**TASK BRIEF:** An exact reprint of the listing is required, with no pictures included.

**RAW DATA:**

^^^^^^^^

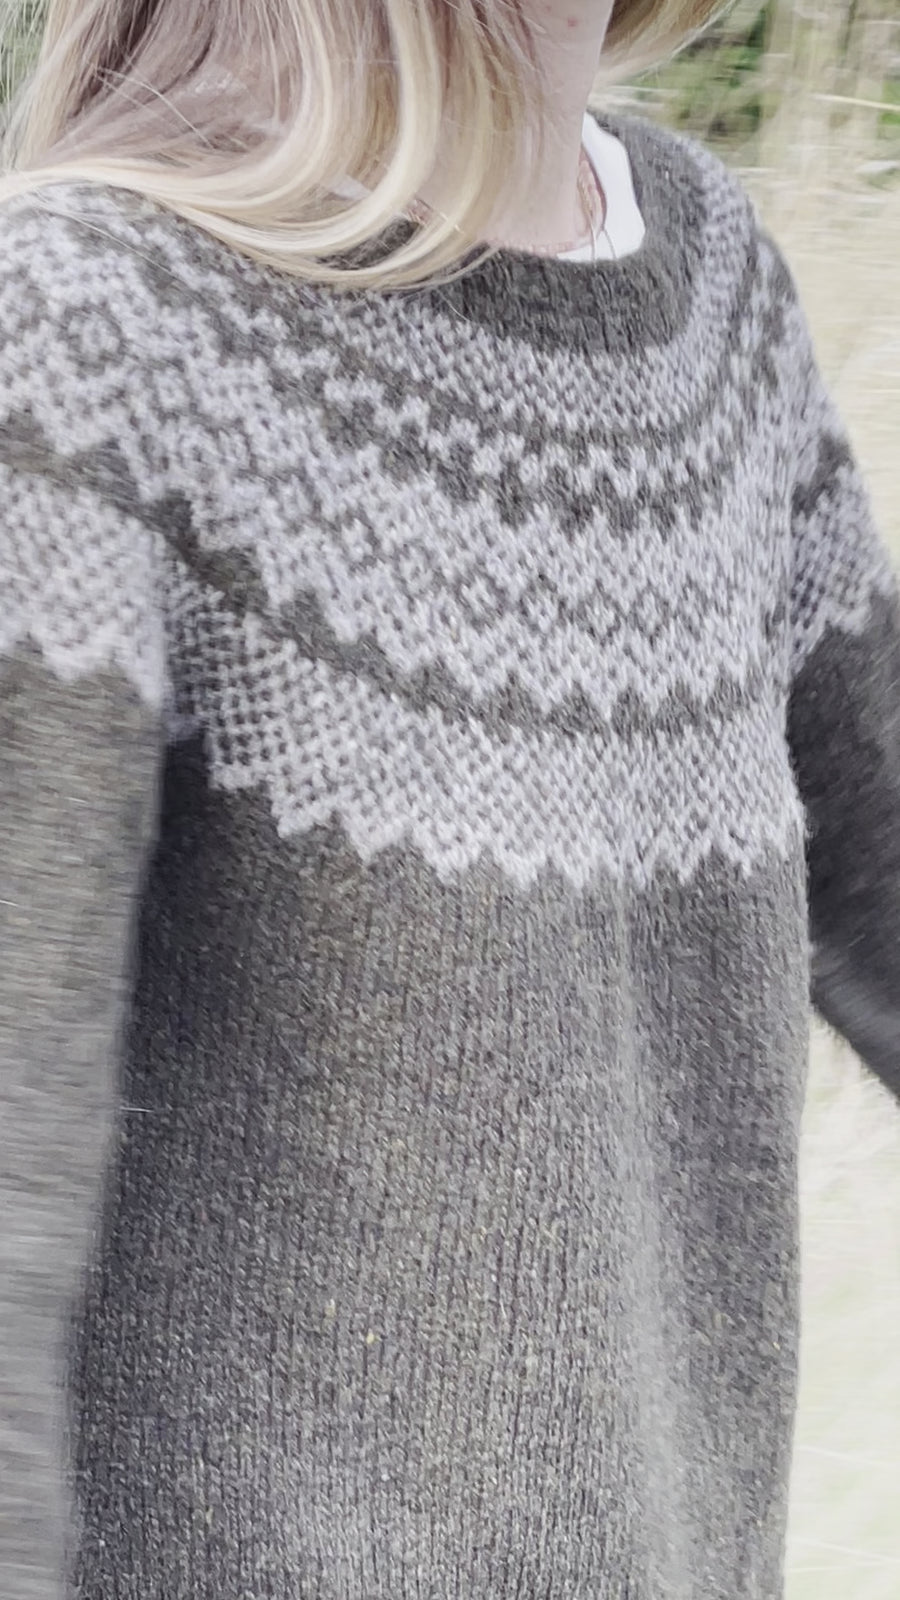 Biches & Bûches The Afterparty Sweater - pdf pattern in Korean
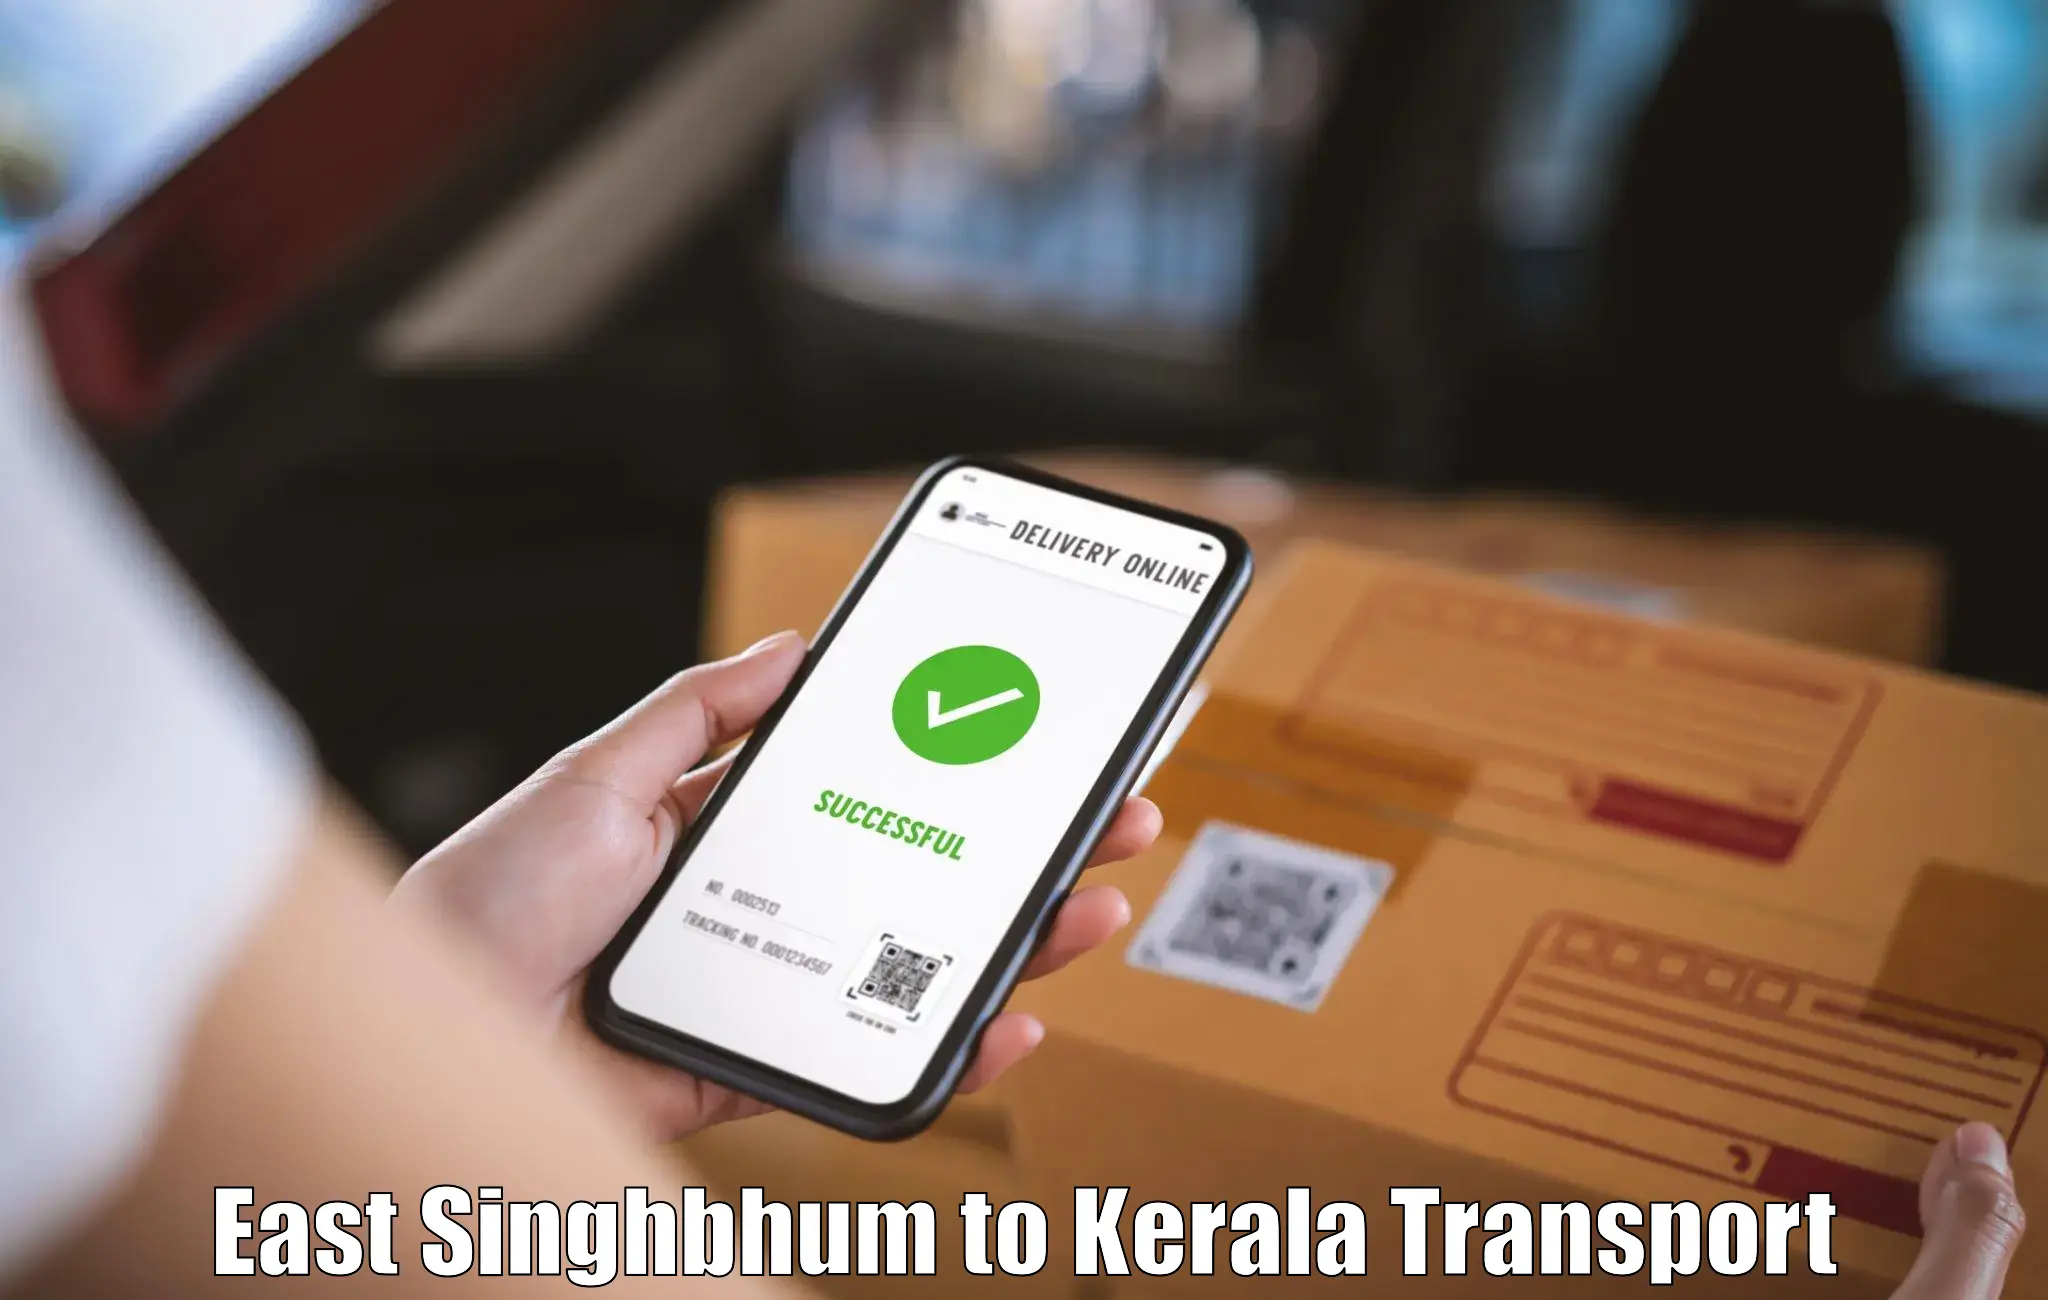 Road transport online services East Singhbhum to Pathanamthitta
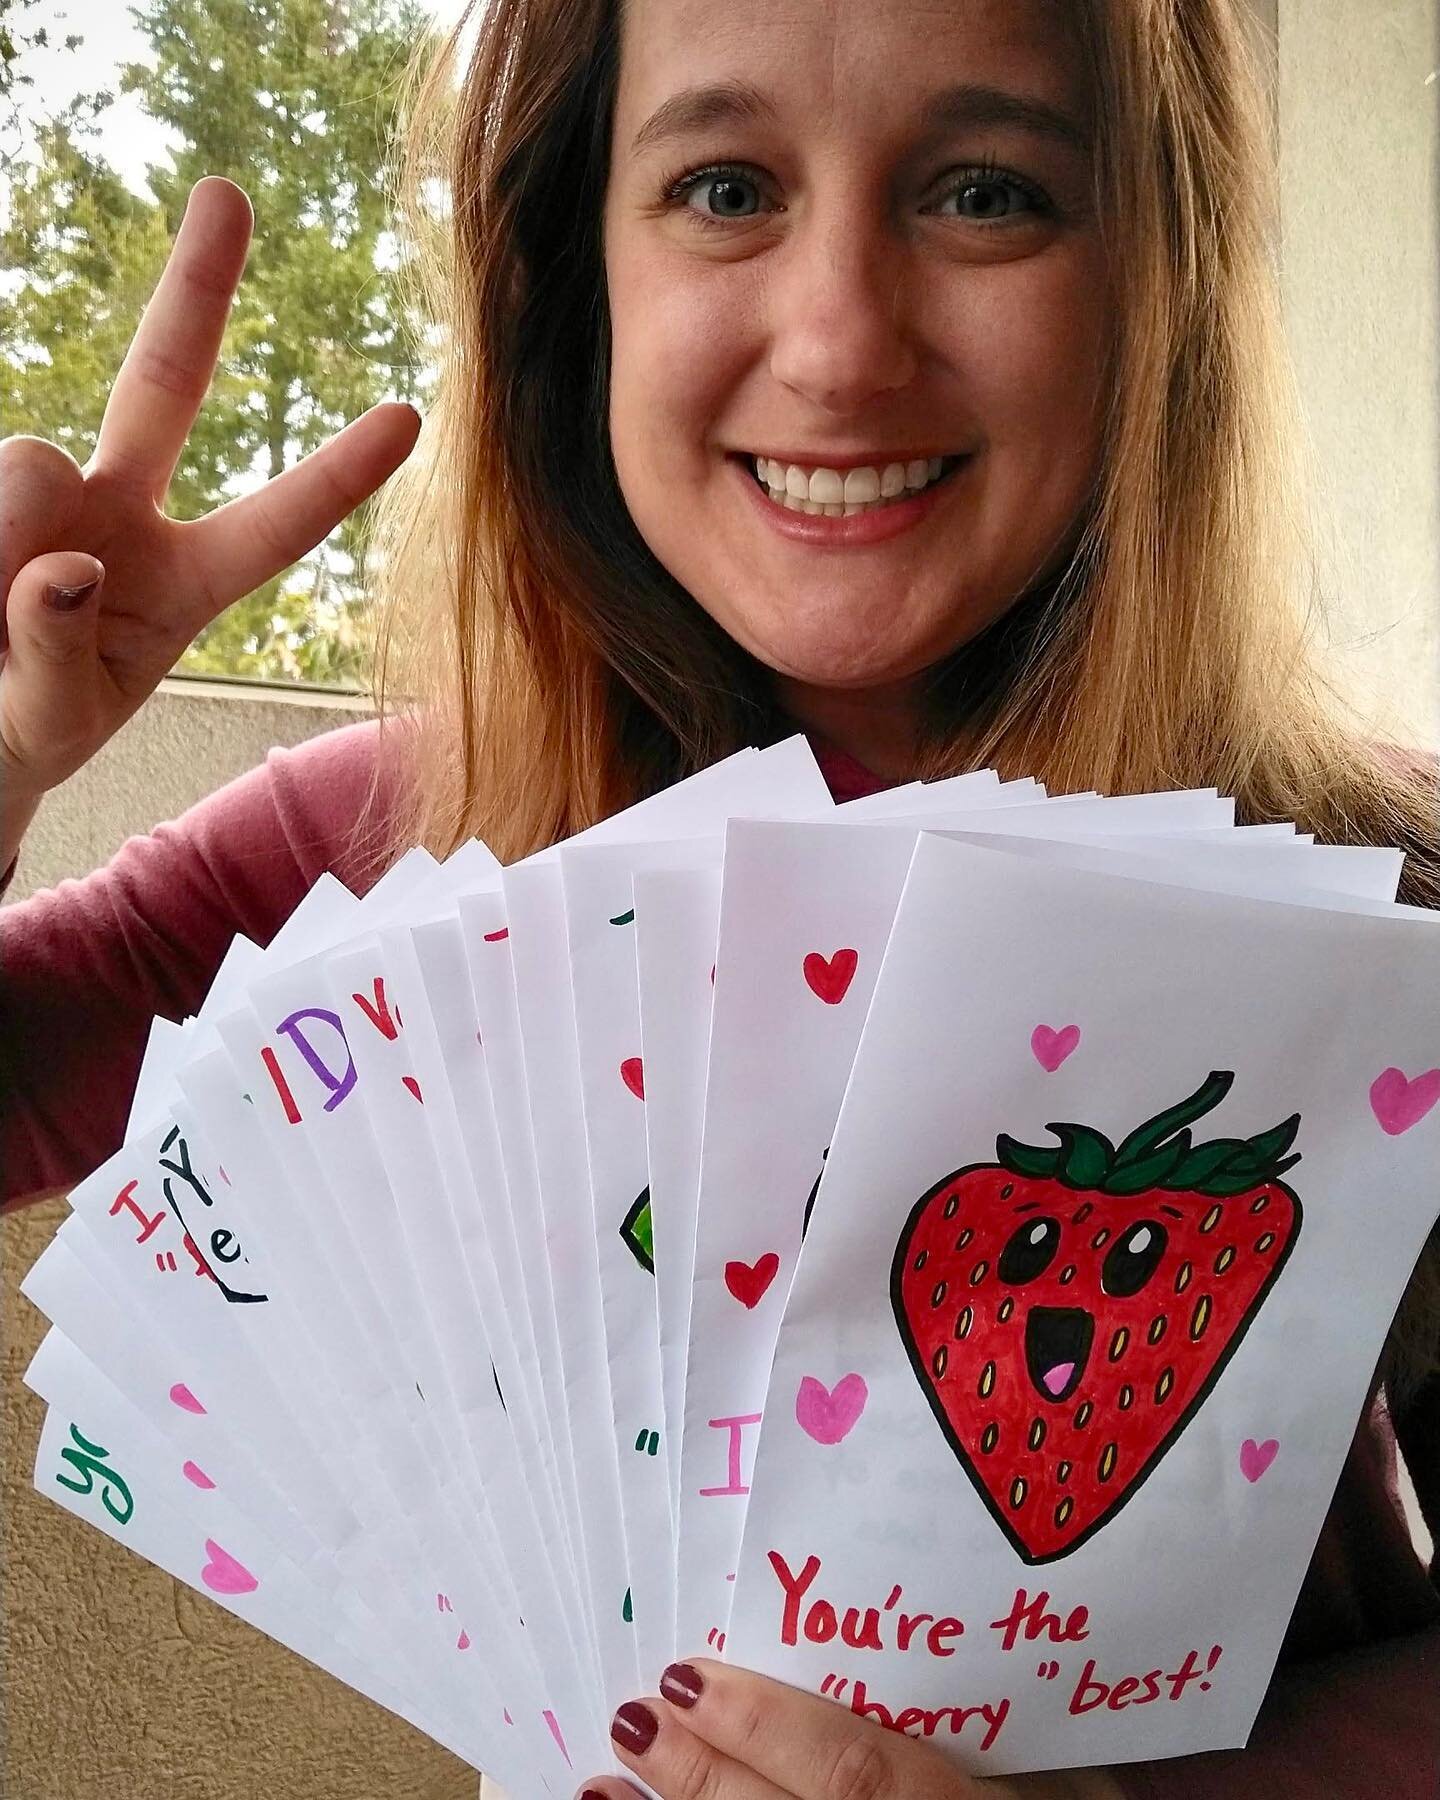 It's happening! It's happening ❤️ Volunteers are over the U.S. touching thousands with ❤️ through handmade Valentines Day cards to combat the effects of social isolation and loneliness. Delivery confirmations flooding in like this one from @3lingual_

^^^^^^^^

**RESPONSE BELOW:**
 Biches & Bûches The Afterparty Sweater - pdf pattern in Korean
 Road transport online services East Singhbhum to Pathanamthitta
 It's happening! It's happening ❤️ Volunteers are over the U.S. touching thousands with ❤️ through handmade Valentines Day cards to combat the effects of social isolation and loneliness. Delivery confirmations flooding in like this one from @3lingual_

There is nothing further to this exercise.